## What you have to do:
Copy all the lines of the listing below exactly. Skip the images.

## Raw data:
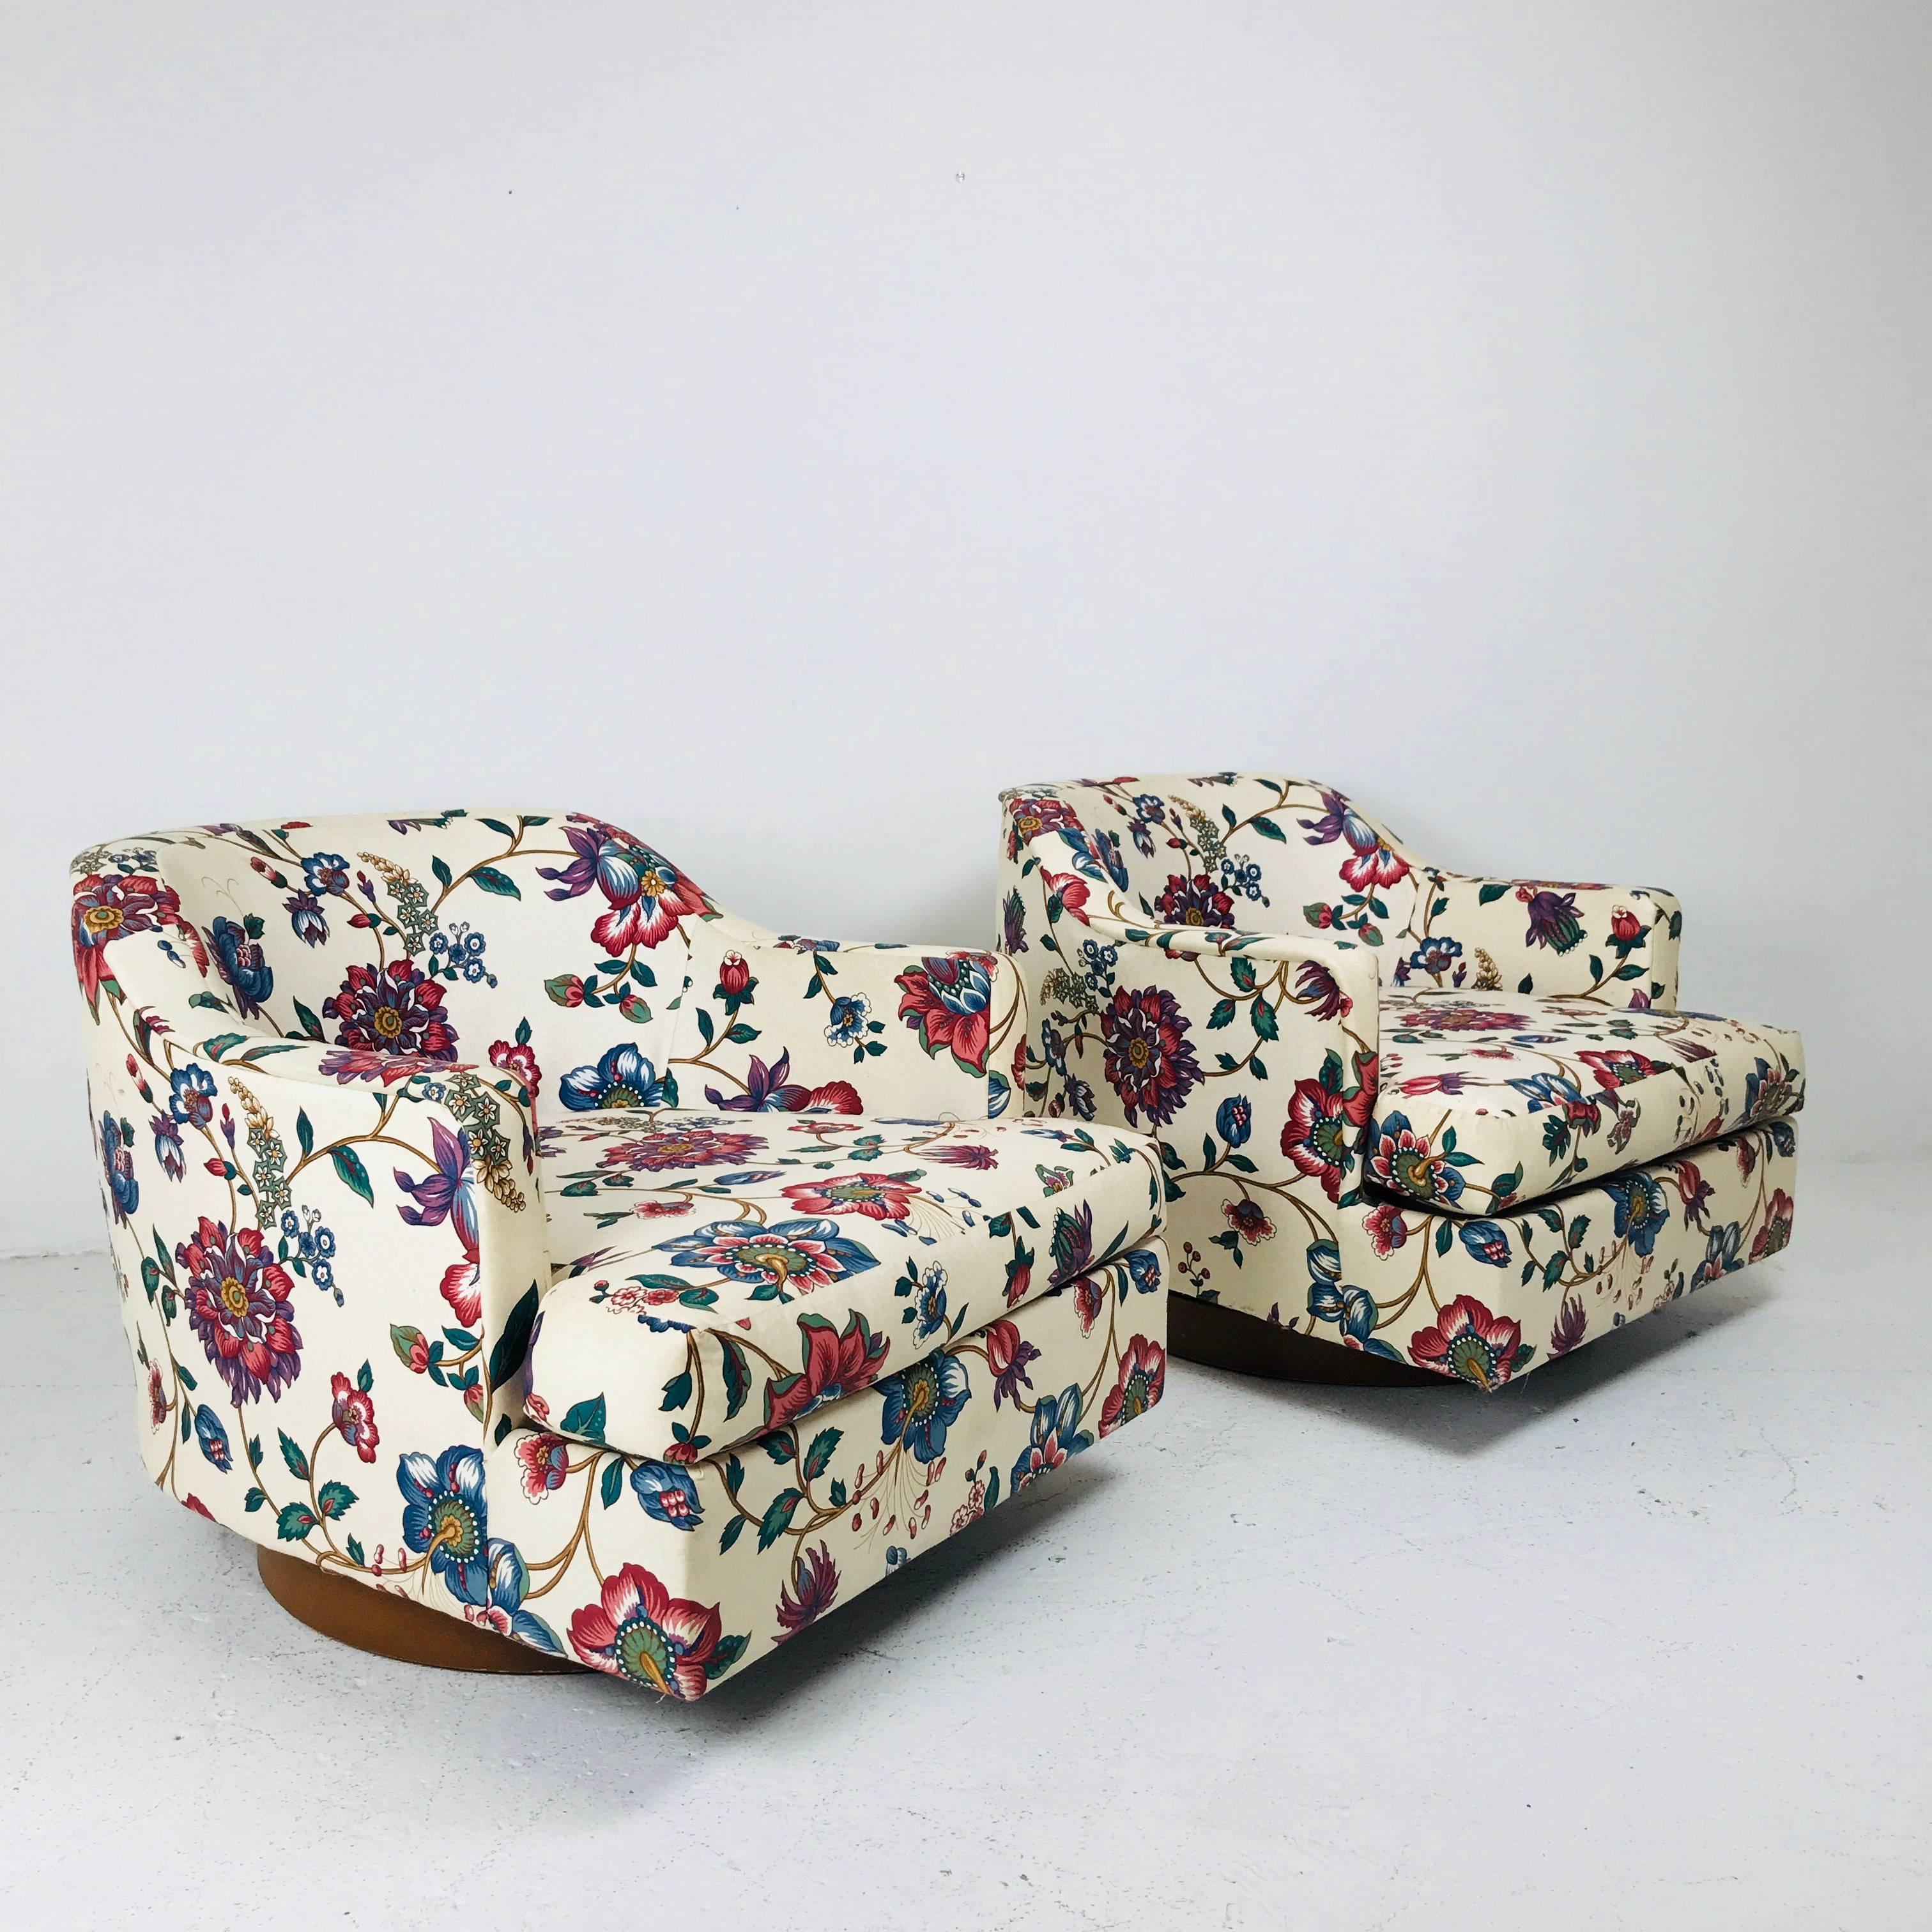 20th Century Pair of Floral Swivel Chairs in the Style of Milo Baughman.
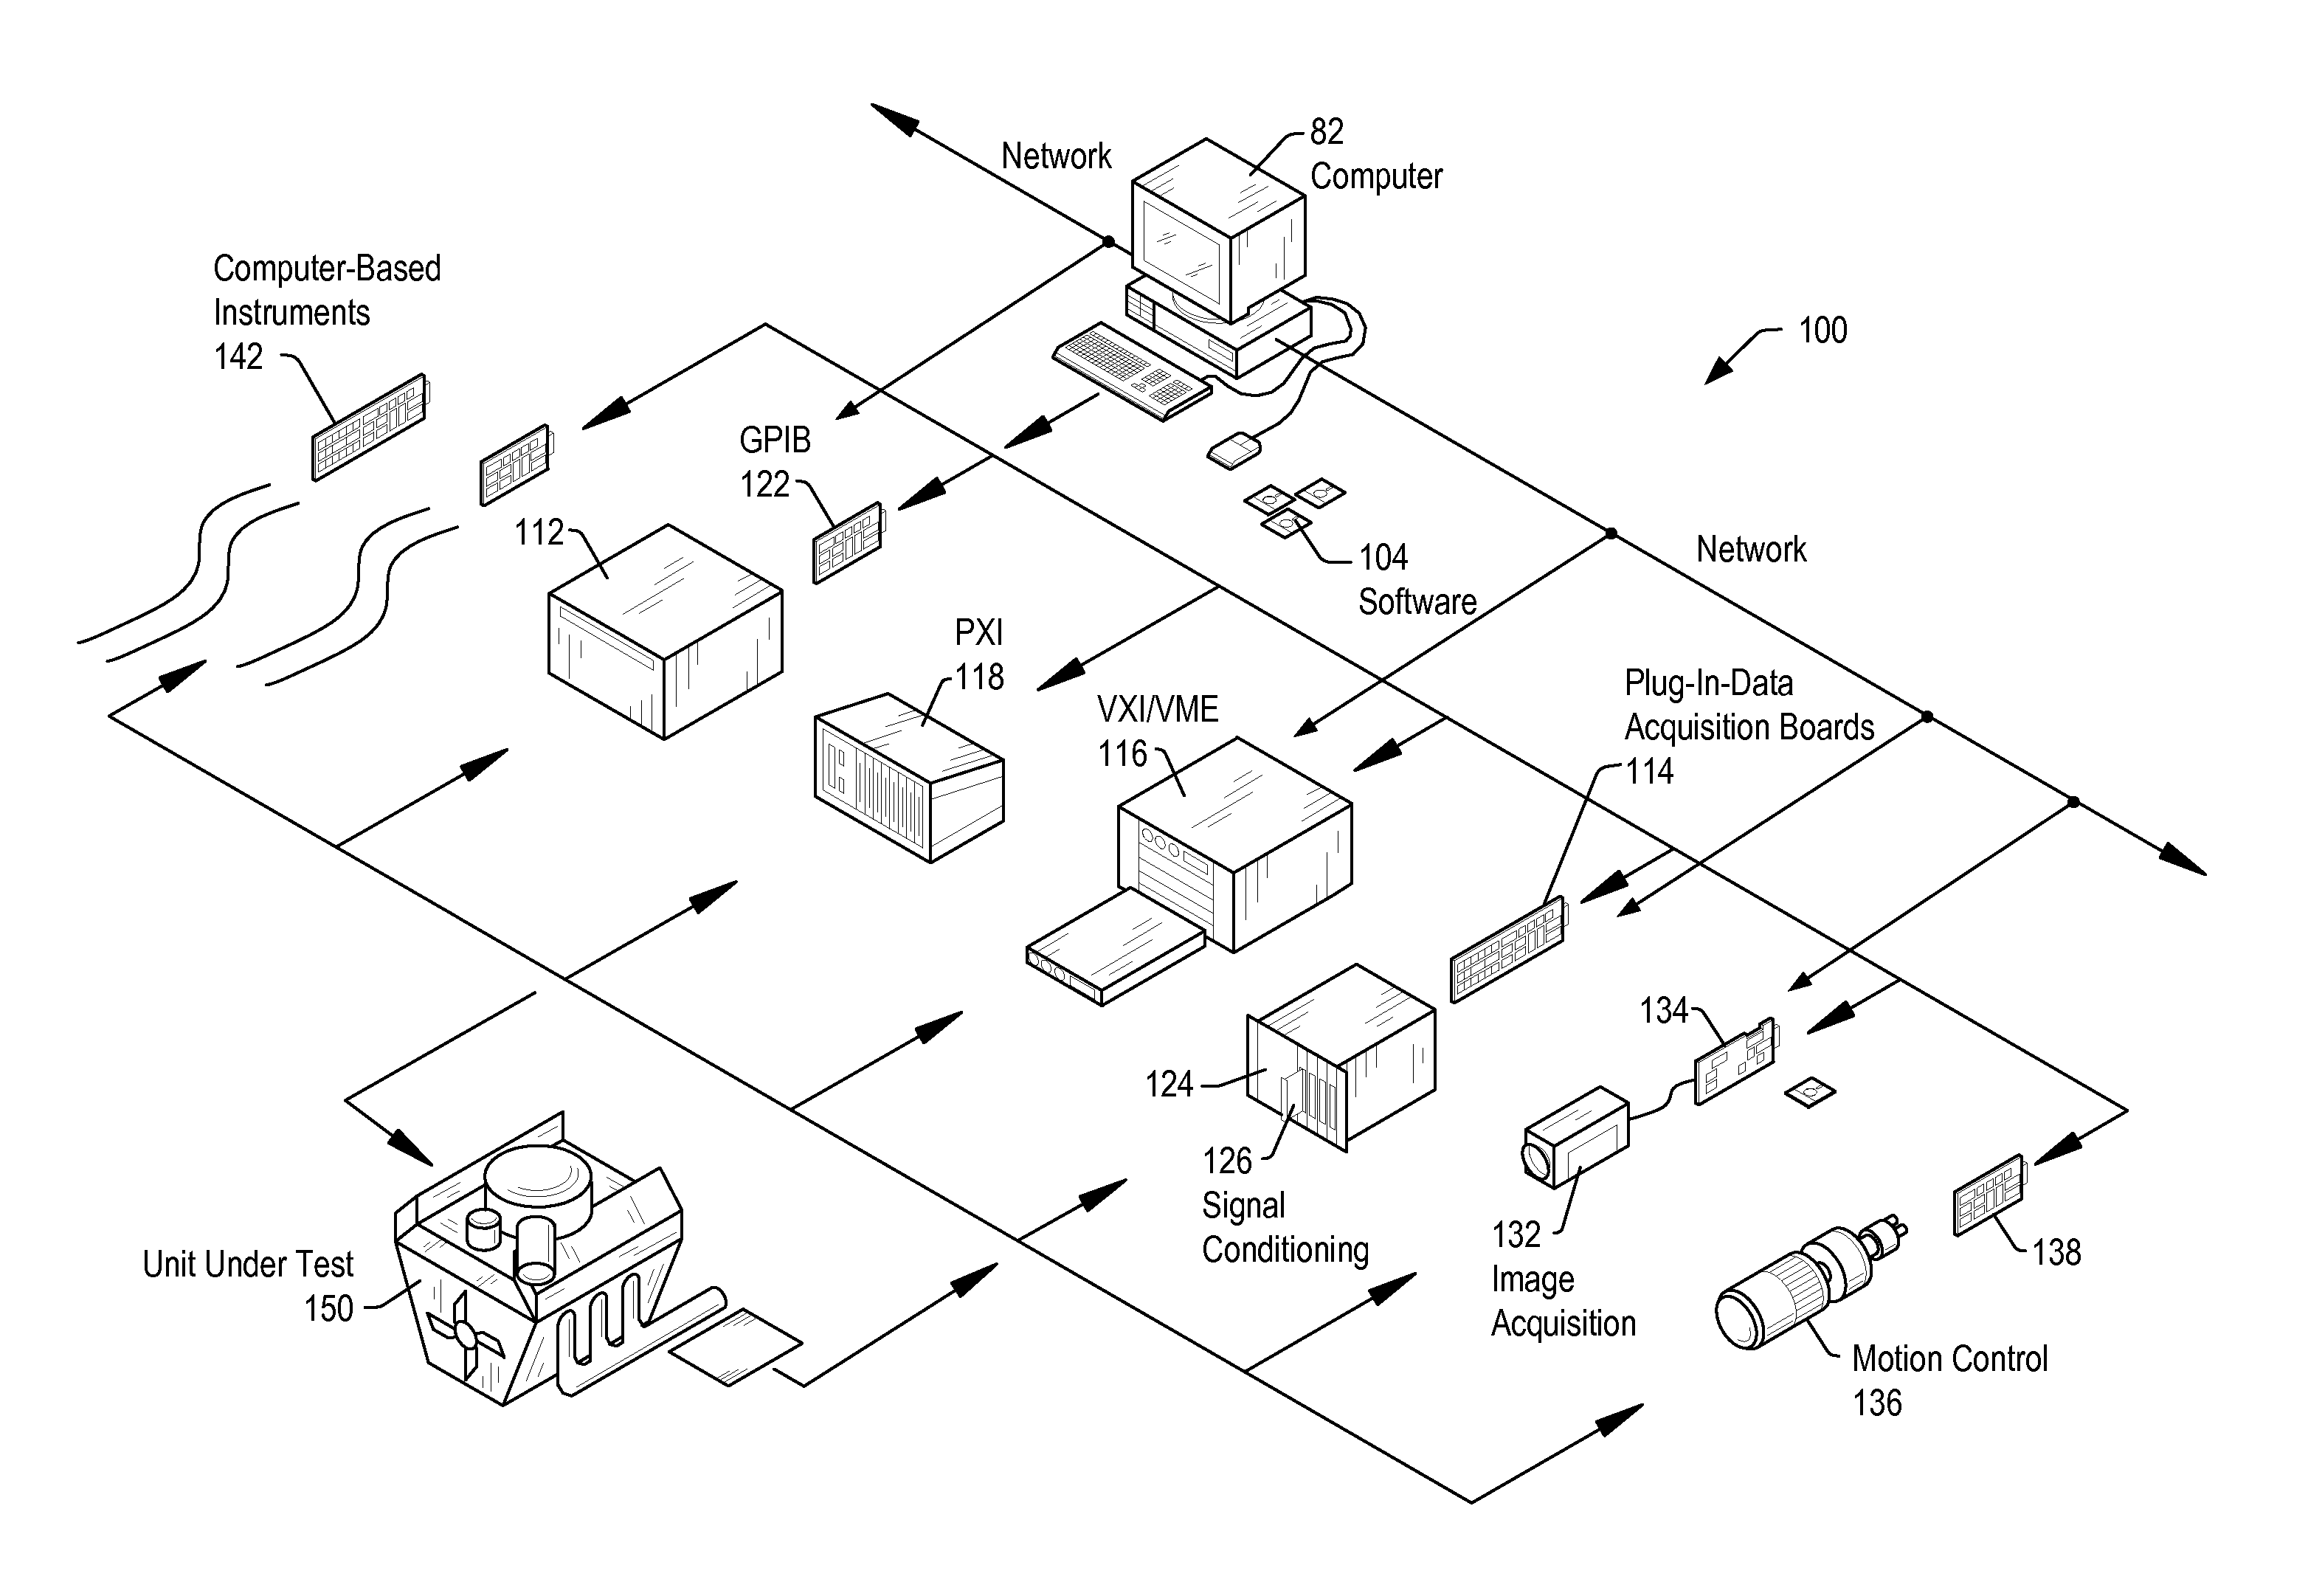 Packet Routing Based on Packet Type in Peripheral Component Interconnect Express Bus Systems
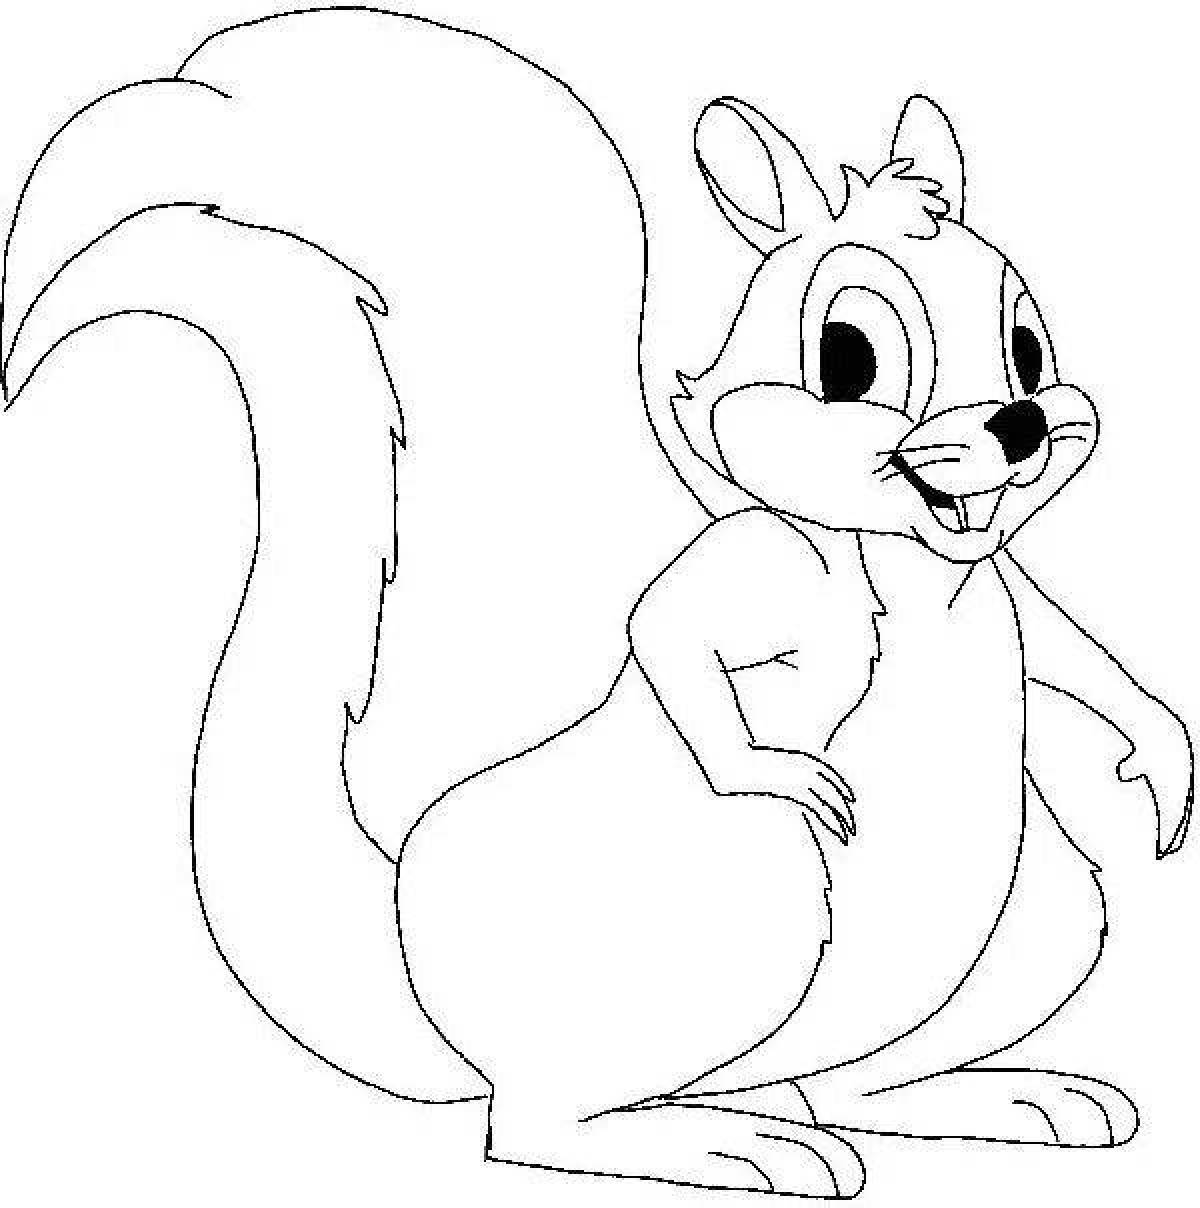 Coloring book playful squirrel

## Answer box:
 20th Century Pair of Floral Swivel Chairs in the Style of Milo Baughman.
 Packet Routing Based on Packet Type in Peripheral Component Interconnect Express Bus Systems
 Coloring book playful squirrel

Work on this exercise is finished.